McMinn v. O'Connor
Before: Currey
Synopsis
Acknowledgment of a Deed. — A consular agent of the United States in a foreign port, on the 15th of January, 1859, or prior thereto, was not empowered to take and certify the acknowledgment of the execution of a deed conveying real estate in this State.
Certificate of Acknowledgment of Deed.—A certificate of the acknowledgment of the execution of a deed is defective if it does not state that the person making the acknowledgment is known to the officer, or proved to him to be the person described in and who executed the same.
Certified Codies of Deeds as Evidence.—Copies of deeds duly filed for record in the Recorder’s office of the proper county, or which, after having been duly filed for record, have been recorded in the proper book of records, are admissible in evidence in all Courts and in all actions and proceedings with the like effect as the originals could be if produced, upon proof of the loss of the originals, or that they are not in the power of the party offering the copies.
Deeds duly Recorded.—Deeds not properly acknowledged or proved, but filed for record or recorded in the proper book of the proper county, are not duly filed for record or duly recorded.
Certified Copy of Recorded Deed not duly Acknowledged as Evidence.— A certified copy of a deed filed for record, or recorded in the proper book of records prior to the Act of April 30, 1860, but which was not acknowledged or proved as required by law, is not admissible in evidence without proof being first made that the original deed was genuine, and was, in truth, executed by the grantor or grantors therein named.

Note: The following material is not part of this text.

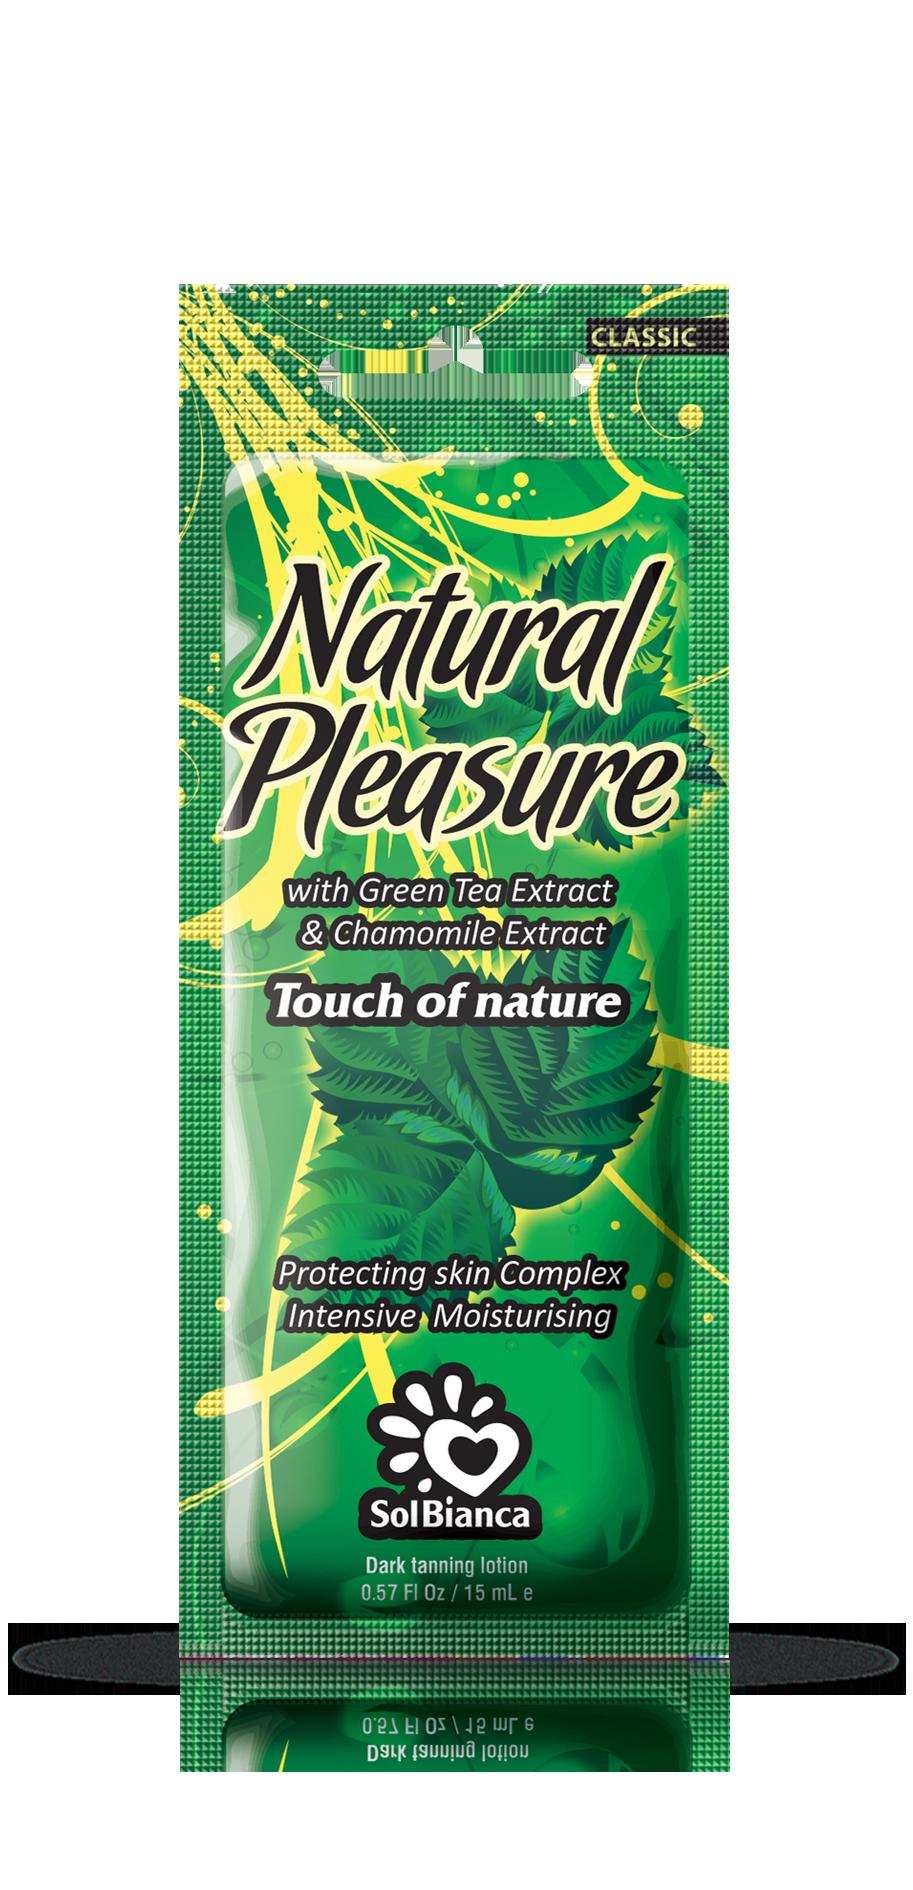 SOLBIANCA Крем для загара в солярии Natural Pleasure с экстрактом зеленого чая / CLASSIC COLLECTION 15 мл

Deed not duly Acknowledged, Executed and Witnessed in a Foreign Country.—Where a deed not properly acknowledged is executed and witnessed by a subscribing witness in a foreign country, proof that it was executed by the grantor is sufficient to entitle it to be received in evidence without producing the attesting witness, or accounting for his absence, or proving his handwriting. Evidence of Title acquired pending Litigation.—If the defendant in an action to recover possession of real estate has acquired title to the demanded promises pending the litigation, evidence of this fact cannot be introduced, unless it is pleaded as a defense in a supplemental answer.
Certificate of Purchase as Evidence.—A certificate of purchase of real estate, executed by a Sheriff on a sale made by virtue of an execution issued on a judgment, is incompetent as evidence to establish any right, either legal or equitable, to the possession of the premises therein described.

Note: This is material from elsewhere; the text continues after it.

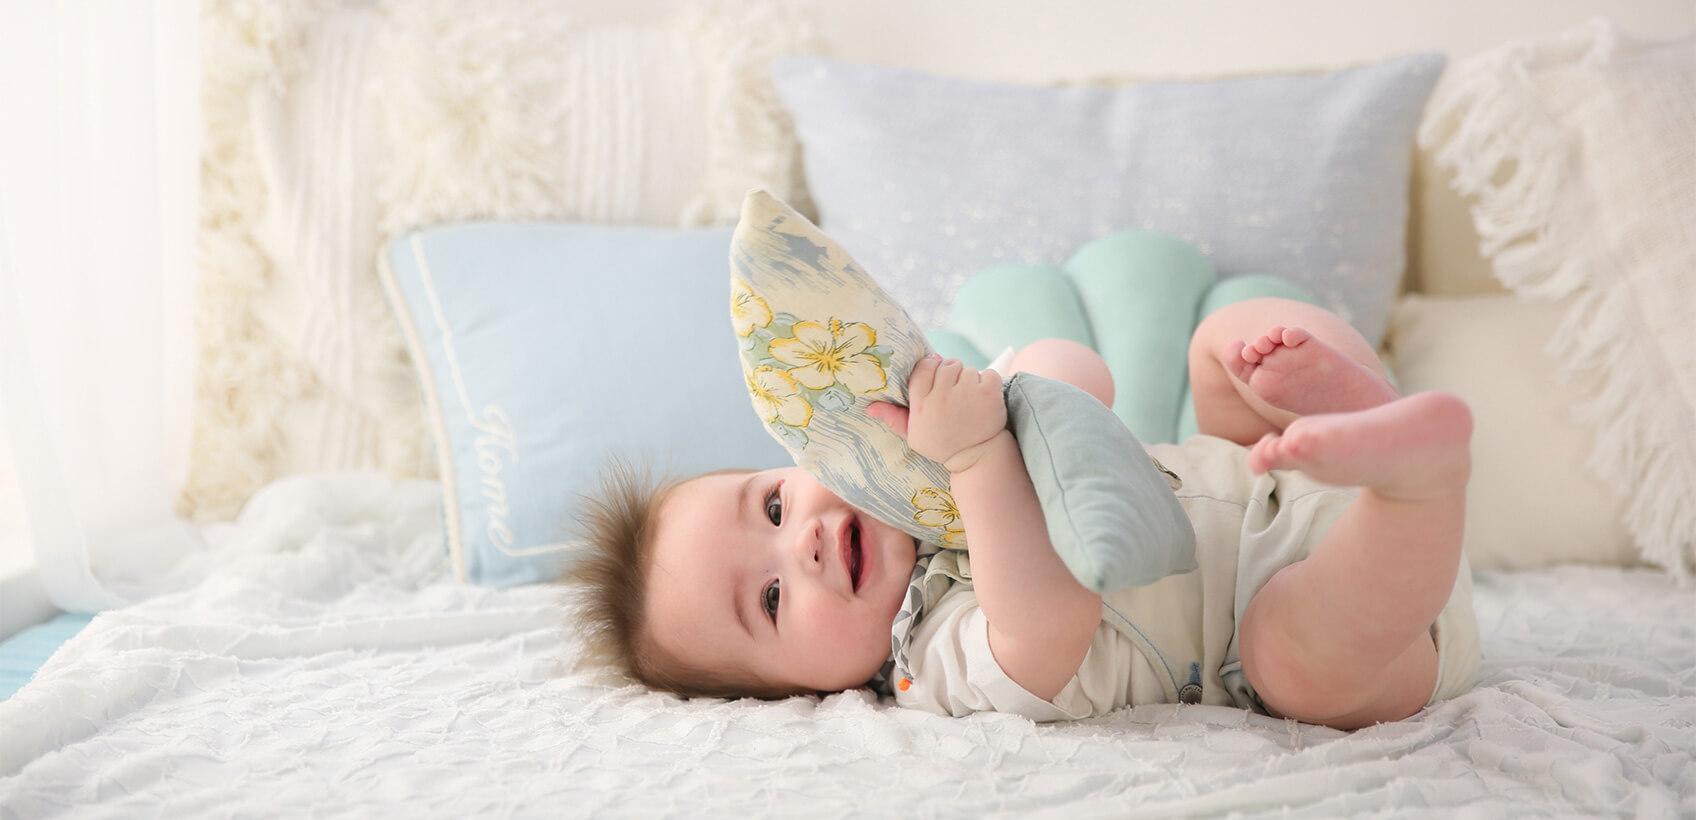 赤ちゃんの成長を楽しく記録するためのアイデア

Discretion of Court in allowing Amendments.—If the defendant in an action to recover possesion of real estate has acquired title to the demanded premises pending the litigation, and has not pleaded such title in a supplemental answer, and for that reason his evidence of such title is excluded by the Court, it is not an abuse of the discretion of the Court to deny his application made during the trial, to be allowed to amend his answer so as to obviate the objection.
By the Court, Currey, J. Ejectment for one hundred vara lot Number Three Hundred and Nine, in the City of San Francisco. Both parties claim the property as derived from one Mathew Maume, the common source of title. The plaintiff claims under a deed from Maume to one Michael Dundon, dated January 15, 1859, and a deed from Dundon to himself, dated May 10, 1861. The defendants claim through a Sheriff’s deed bearing date the 11th of June, 1861, made in pursuance of a sale under an execution issued upon a judgment in favor of one Timothy Gleason against said Maume, rendered on the 27th of October, 1860.

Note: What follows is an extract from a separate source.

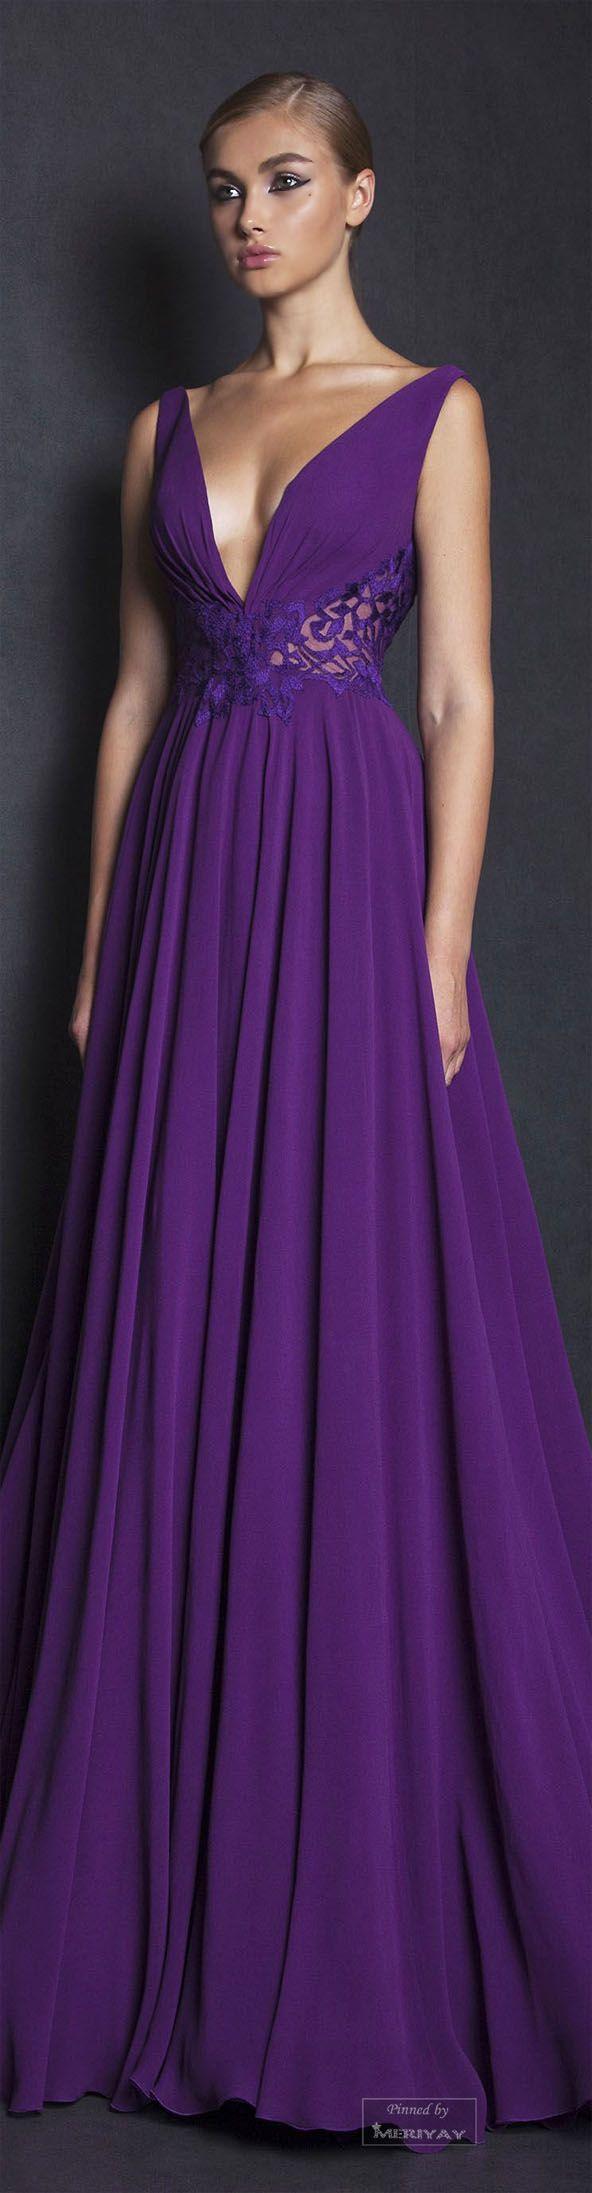 Colores secundarios (violeta) | vestidos y outfits | Pinterest ...

The plaintiff at the trial offered in evidence a certified copy of the deed from Maume to Dundon. But to lay a proper foundation for admitting in evidence a copy of the deed under the second section of the Act supplementary to the Act concerning conveyances, passed April 30,1860 (Laws 1860, page 357,) the plaintiff proved by a witness that he had seen a deed in the hands of Dundon which was executed by Maume, of which the certified document offered in evidence was a copy. The defendant objected to the introduction of the same in evidence, on the ground that the certificate of acknowledgment of the deed was not by an officer authorized by law to make it, and also that the certificate was in form and substance insufficient.
The acknowledgment purported to have been made before, and certified by Michael B. By an, styling himself “ Consular Agent of the United States for the port and district of Limerick.” When this was done a Consular Agent was not an officer empowered by the statute, concerning conveyances, to take and certify the acknowledgment of the execution of a [243]deed conveying real estate, and therefore this certificate was ineffectual as evidence. Besides this, it was radically defective, as it failed to show that Maume was known to the officer or proved to him to be the person described in or who executed the conveyance. But, notwithstanding the insufficiency of the acknowledgment, the deed was recorded in one of the books of record of deeds in the county in which the lot is situate, on the 20th day of November, 1859.
The first section of the Act of 1860 provided that all instruments of writing which were then copied into the proper books of record of the office of County Recorder of the several counties of this State should thereafter be deemed to impart to subsequent purchasers and incumbrancers, and all other persons notice of all deeds, etc., to the extent that the same were then recorded, copied or noted in such books of record, notwithstanding any defect, omission or informality existing in the execution, acknowledgment, certificate of acknowledgment, recording or certificate of recording the same.